* [Problem]: From the records below, transcribe exactly the lines that begin at the line with "Canvas String Art Graffiti." and end at the line with "Azeem Akhtar,Ali Iftikhar", both included.

* [Recorded information]:
----

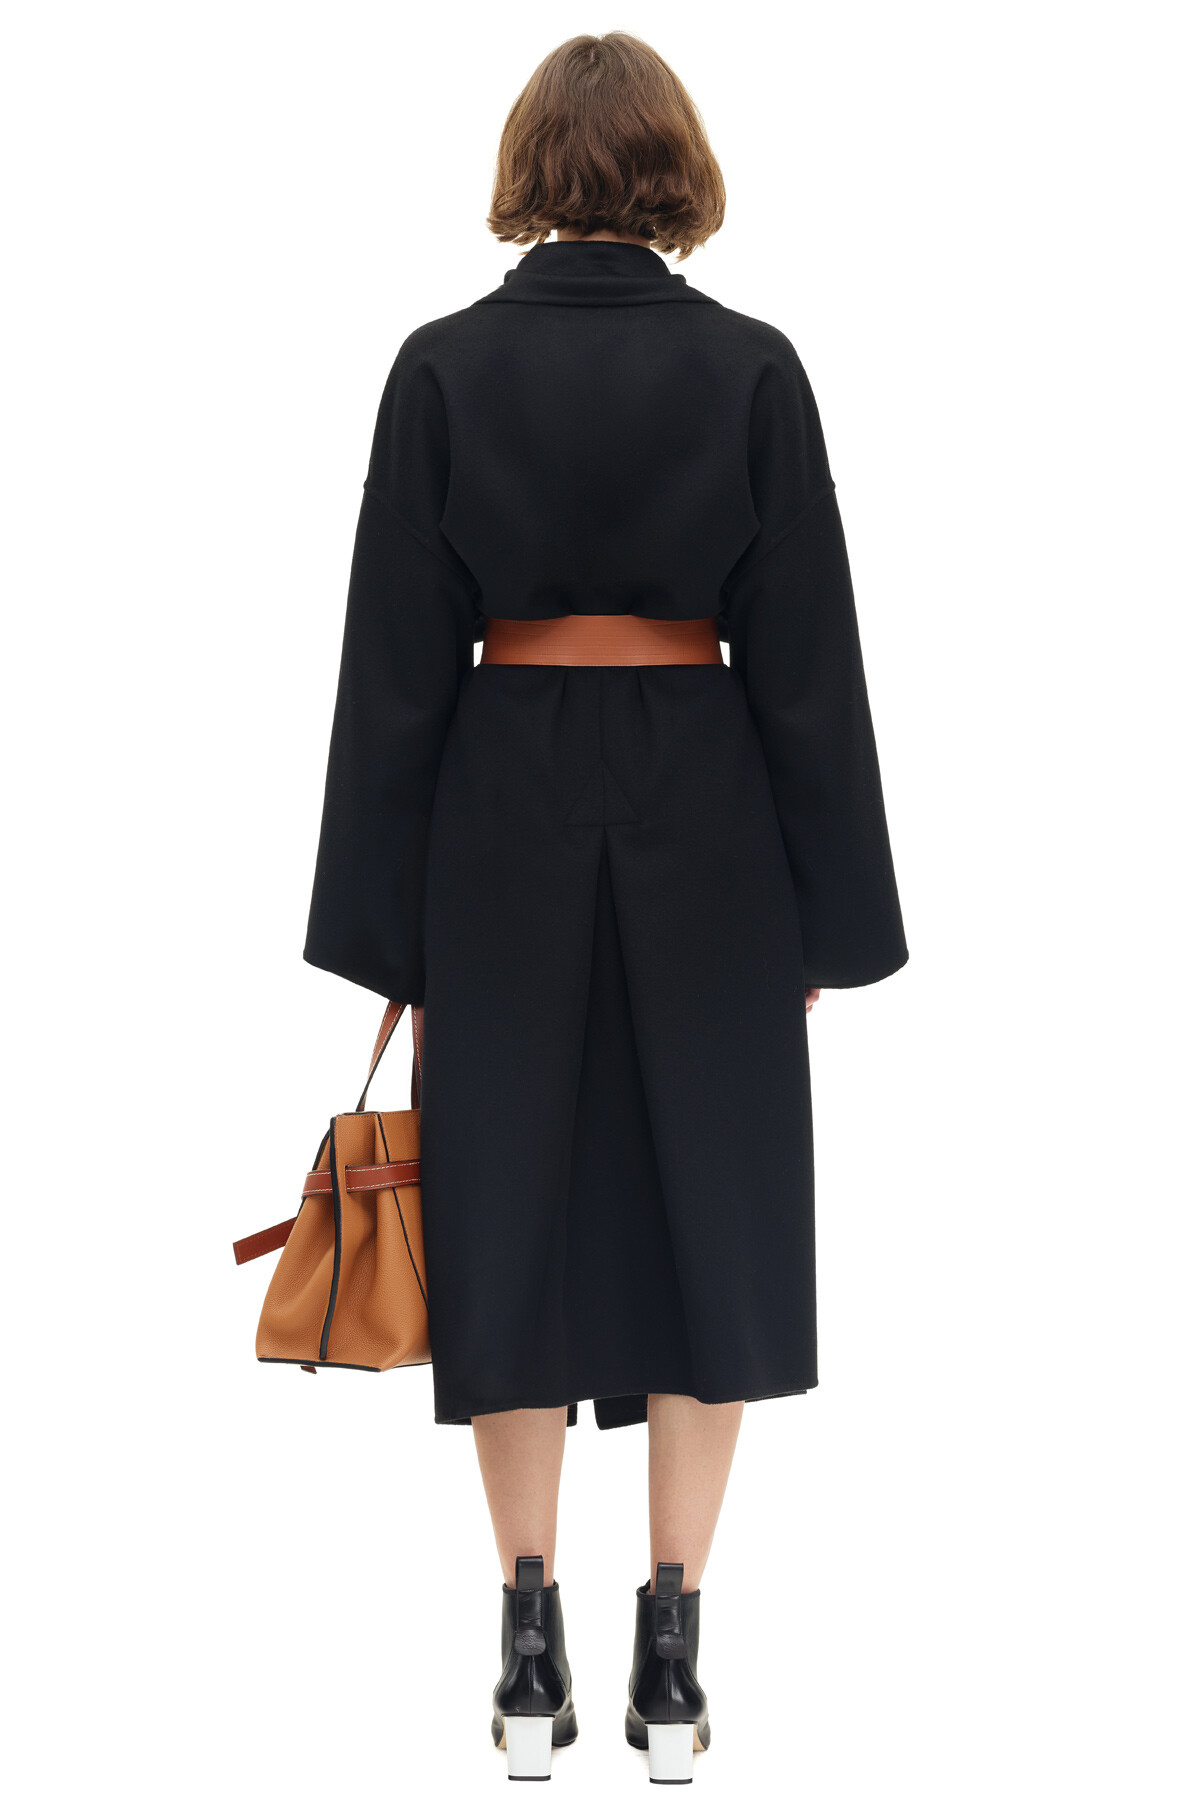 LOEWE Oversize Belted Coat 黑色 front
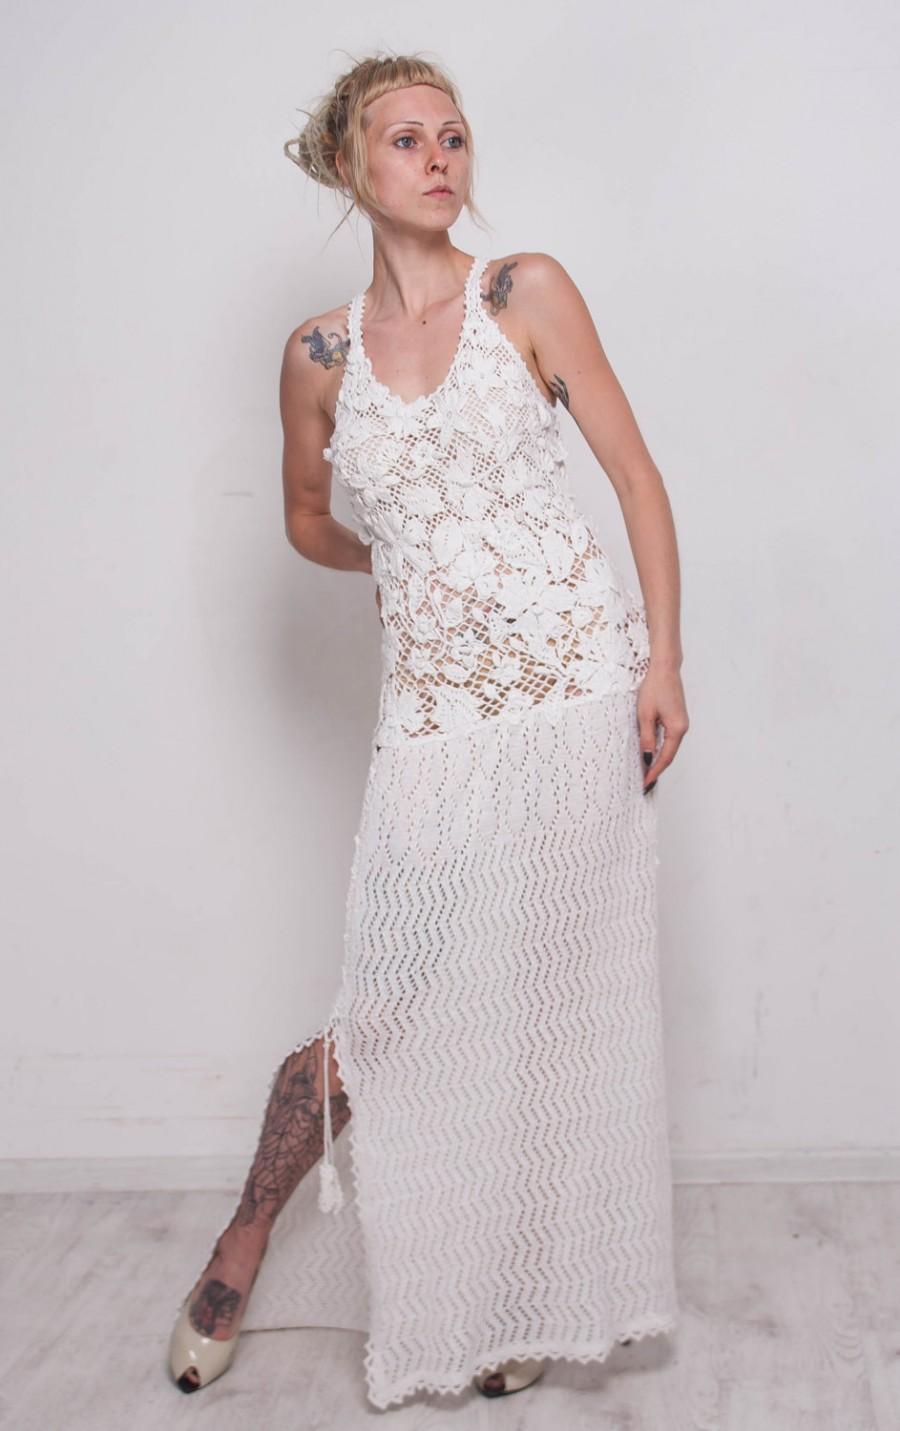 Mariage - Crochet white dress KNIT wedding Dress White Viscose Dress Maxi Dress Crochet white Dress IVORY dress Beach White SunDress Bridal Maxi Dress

----

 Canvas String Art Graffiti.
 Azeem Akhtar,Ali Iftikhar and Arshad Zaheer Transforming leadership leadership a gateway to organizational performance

----

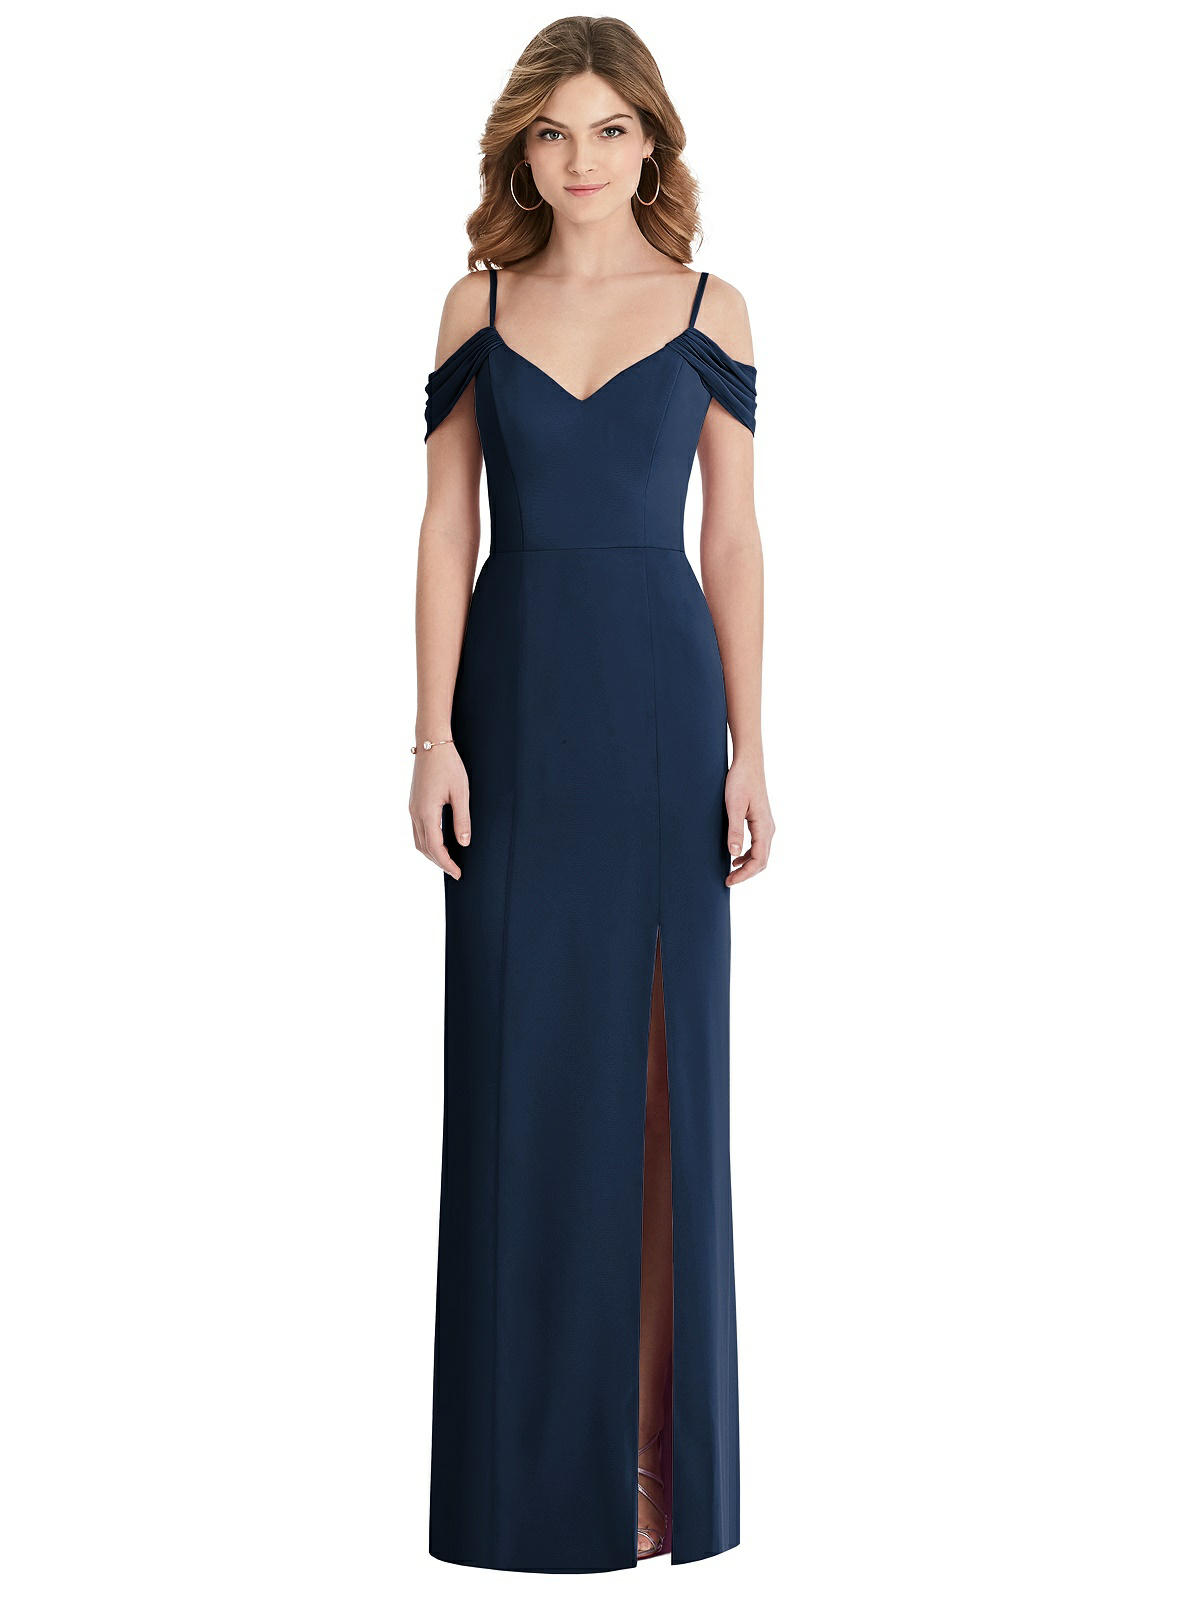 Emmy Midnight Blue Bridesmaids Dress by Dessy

----

* [Output below]:
 Canvas String Art Graffiti.
 Azeem Akhtar,Ali Iftikhar and Arshad Zaheer Transforming leadership leadership a gateway to organizational performance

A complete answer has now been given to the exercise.